# Which word processor for Mac do you recommend?



## ClayPot (Jul 9, 2009)

So I will be starting a new job (as an assistant professor) in the fall, and will be buying a Mac with my startup funds. I've been a PC guy for a long time, but I just can't handle Vista. Anyway, what word processor for Mac do you recommend?

I will need to open documents by others (at times), create quizzes, exams, etc. The academic writing will typically be taken care of using LaTeX or LyX, so that is not a problem. Here are the main contenders it seems:

1. Microsoft Office
2. Apple iWorks
3. OpenOffice
4. NeoOffice (a Mac version of Open Office)

I know there are a few others such as Nisus, Mellell, etc.

What are your thoughts?


----------



## Gord (Jul 9, 2009)

I have all you mentioned installed, I use MS Office as the primary wp, as most correspondence to the 'other side' has to be in ms office format, although all af them do that, office just seems to me my first choice. I used OO for years on linux and it's great too.


----------



## Rich Koster (Jul 9, 2009)

I downloaded OpenOffice. No complaints and the price was right.


----------



## Wayne (Jul 9, 2009)

I've been using Open Office 3.1 under the Linux distro Ubuntu 9.04 and have had no problems. It is very similar to MS Word. You can save documents as .doc files for greater compatibility.
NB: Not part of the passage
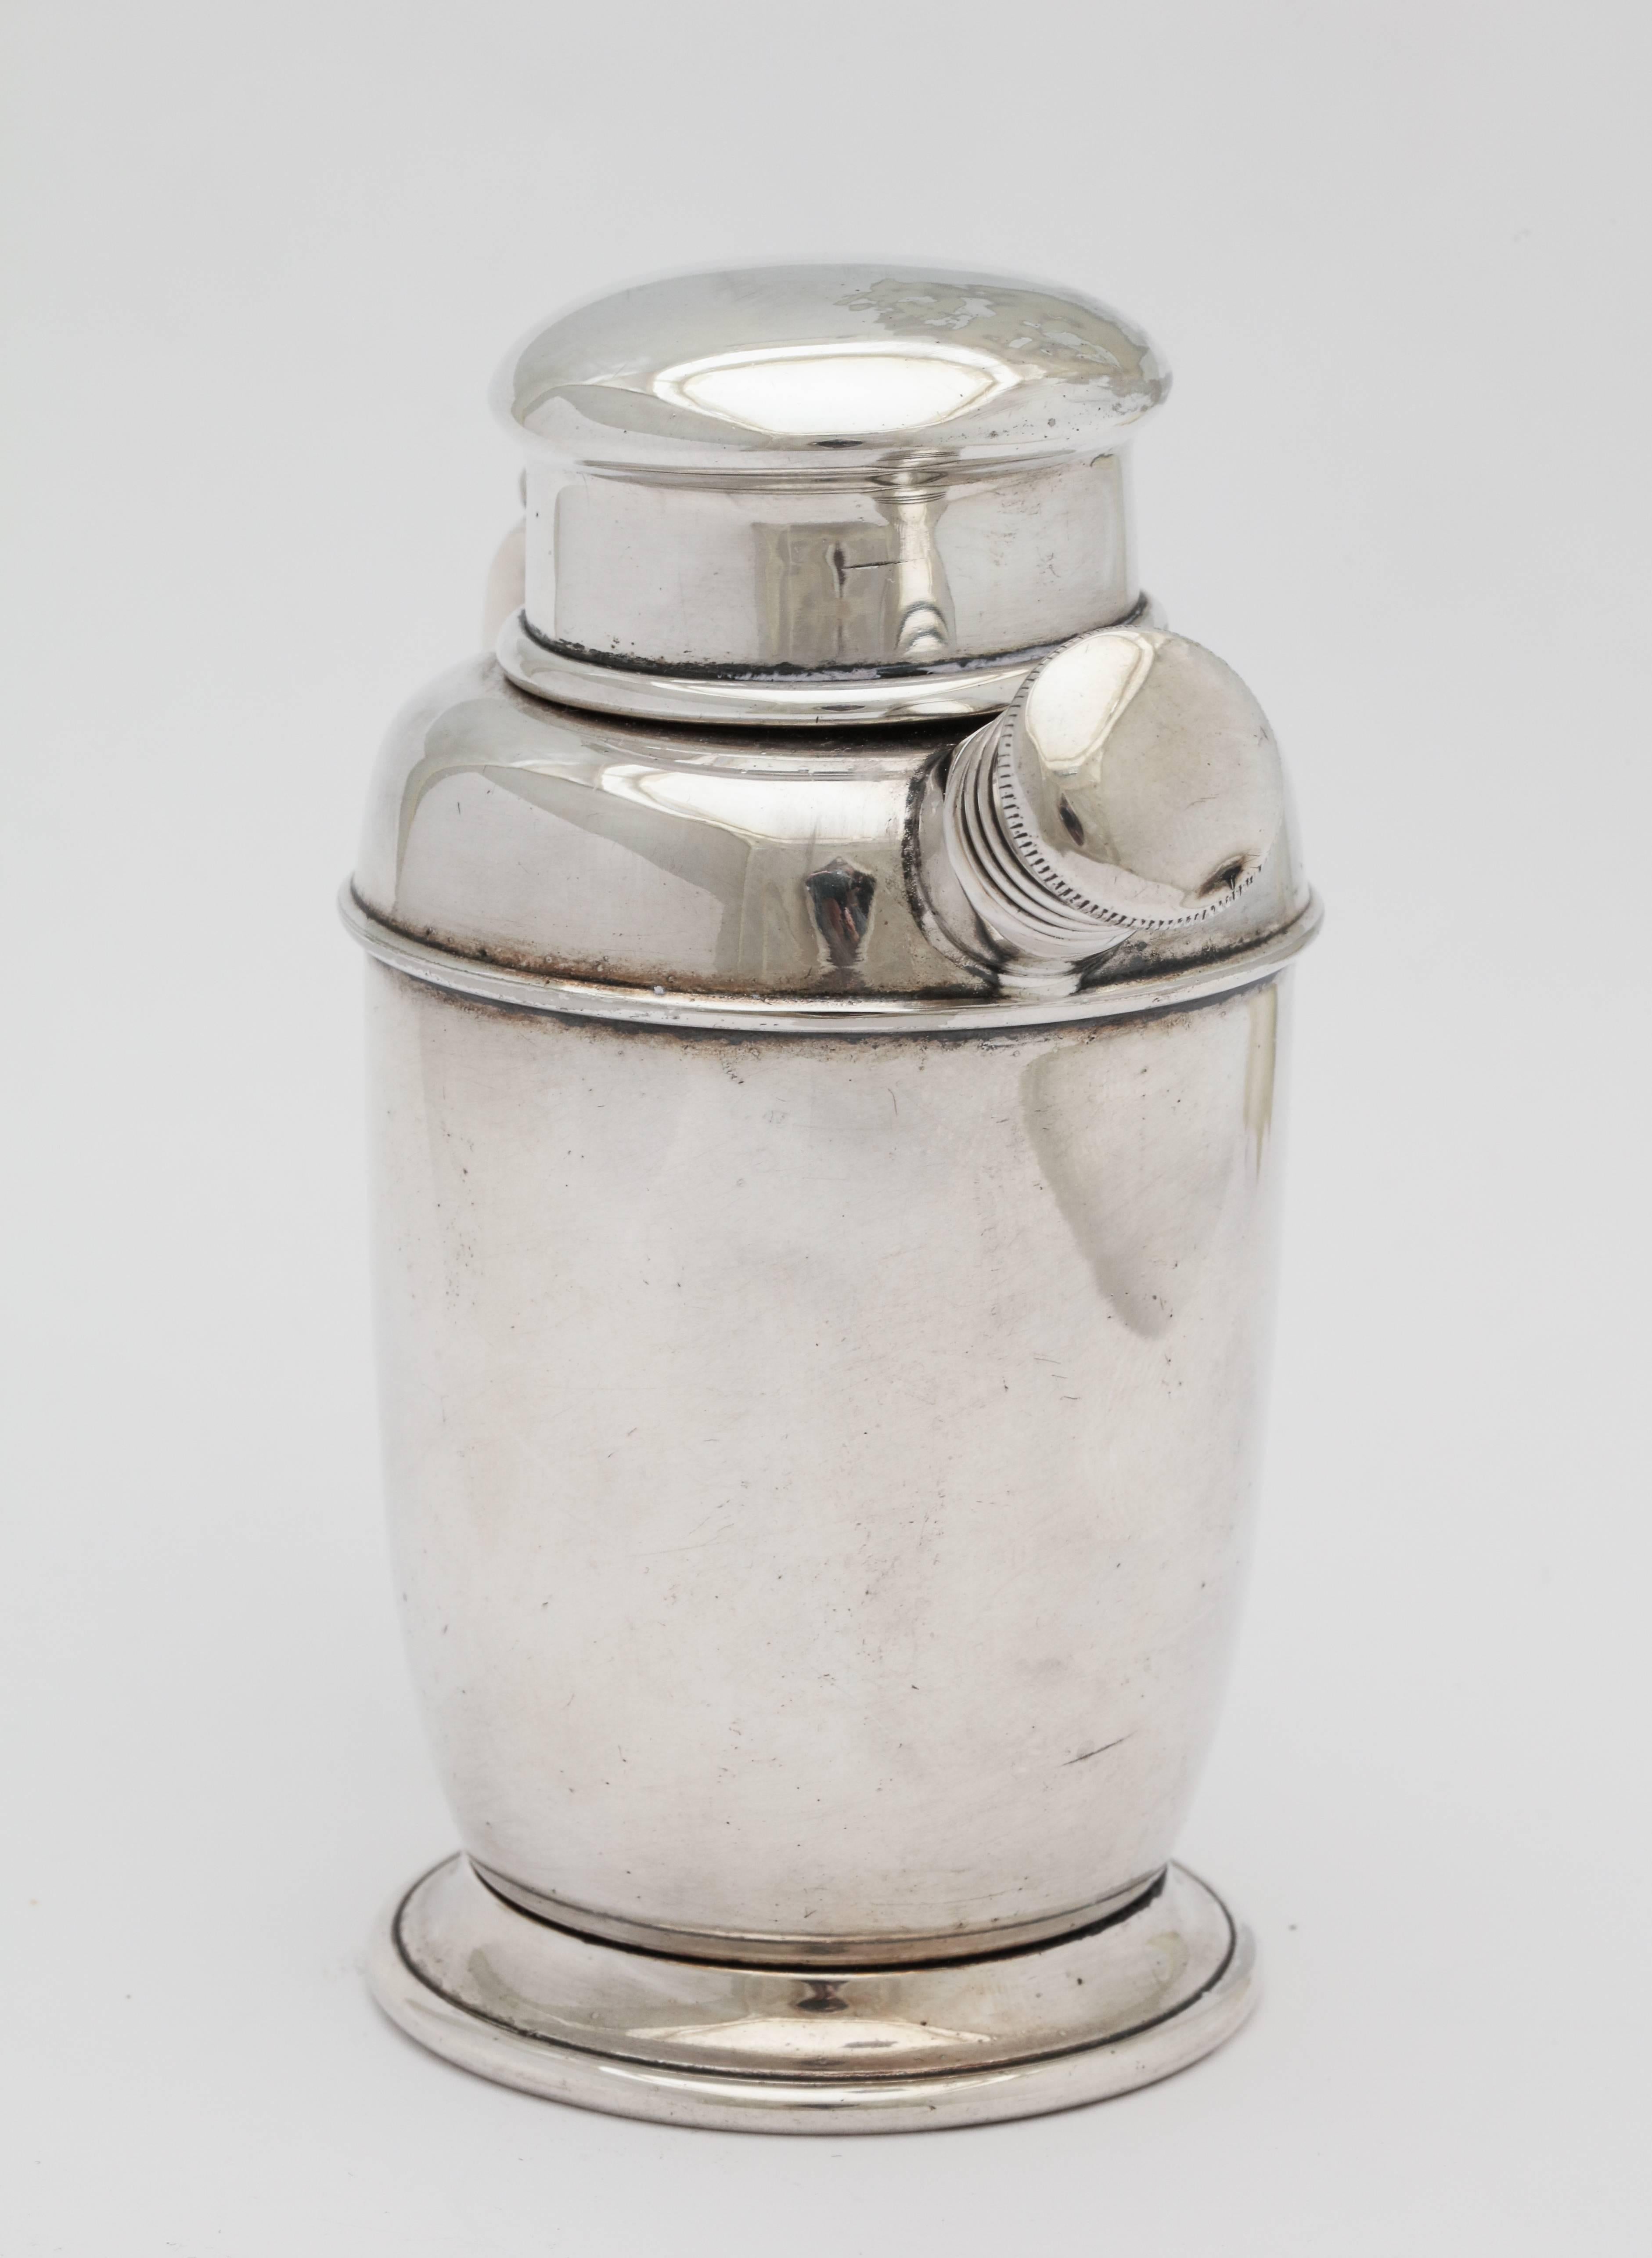 This collectible lighter is a charming conversation piece for any cocktail table or bar cart..
It is silver plate and requires flint and a wick, circa 1950s.

It's free, and would also work on a PC, so you could try it out before switching to a different operating system.


----------



## Claudiu (Jul 9, 2009)

jpfrench81 said:


> So I will be starting a new job (as an assistant professor) in the fall, and will be buying a Mac with my startup funds. I've been a PC guy for a long time, but I just can't handle Vista. Anyway, what word processor for Mac do you recommend?
> 
> I will need to open documents by others (at times), create quizzes, exams, etc. The academic writing will typically be taken care of using LaTeX or LyX, so that is not a problem. Here are the main contenders it seems:
> 
> ...





I've gone through all four of the those. The newest one I just acquired is the iWorks (Pages). I would recommend Microsoft Office or iWorks. I'm really starting to like Pages though.


----------



## Edward (Jul 9, 2009)

Unless you've used the latest version of Microsoft Office, you'll probably find less of a learning curve from older version of MS Office to OO than you'll have from older versions of MS Office to the current one. 95 - 97 - 2000- 2003 all have the same basic look and feel and function - only minor changes. 2007 is significantly different both in look and feel and in default document format.


----------



## raekwon (Jul 9, 2009)

I primarily use Pages (iWork) with Word as a supplement.


----------



## Skyler (Jul 9, 2009)

[kidding]

Duh, always use a Microsoft product whenever possible.

[/kidding]

Use OpenOffice.


----------



## Jake (Jul 9, 2009)

I have never used it on a Mac, but OpenOffice is great. I use all of the applications on a regular basis except for Base. I often exchange documents with people of multiple different Office suites and have no problems with conversion. Most often this is between Office 2000 and then 2003 at school and OpenOffice 2.x (I haven't upgraded to version 3 and I've been using 2 since it was in beta almost 4 years ago...). Plus, you can't beat the price. It doesn't have every feature imaginable, but it has more than enough for me. I do some more sophisticated stuff too.


----------



## Jen (Jul 9, 2009)

I haven't had Office installed since Leopard broke my rather ancient copy of Office -- and, even then, I hadn't used it in years. I never recommend people use Office; it's just bad software, especially on the Mac. Overpriced, too.

Pages (in iWork) has become my main word processor. I'm very picky about my word processor UI, and it took Apple a while to meet my standards. They finally hit it in iWork '08. (I now have '09.)

iWork '09 (and Leopard -- TextEdit) brought the ability to open .docx files to Apple's software.

When Pages can't quite get it done with opening a file, I use OpenOffice, which I prefer over NeoOffice (it's faster). OpenOffice does handle the opening of .docx files a bit better than Pages, I've noticed, but that's primarily when the formatting is out of the ordinary.

I've been thinking of adding Mellel to the bunch only because of the way it handles writing right to left -- for working with a Hebrew text.


----------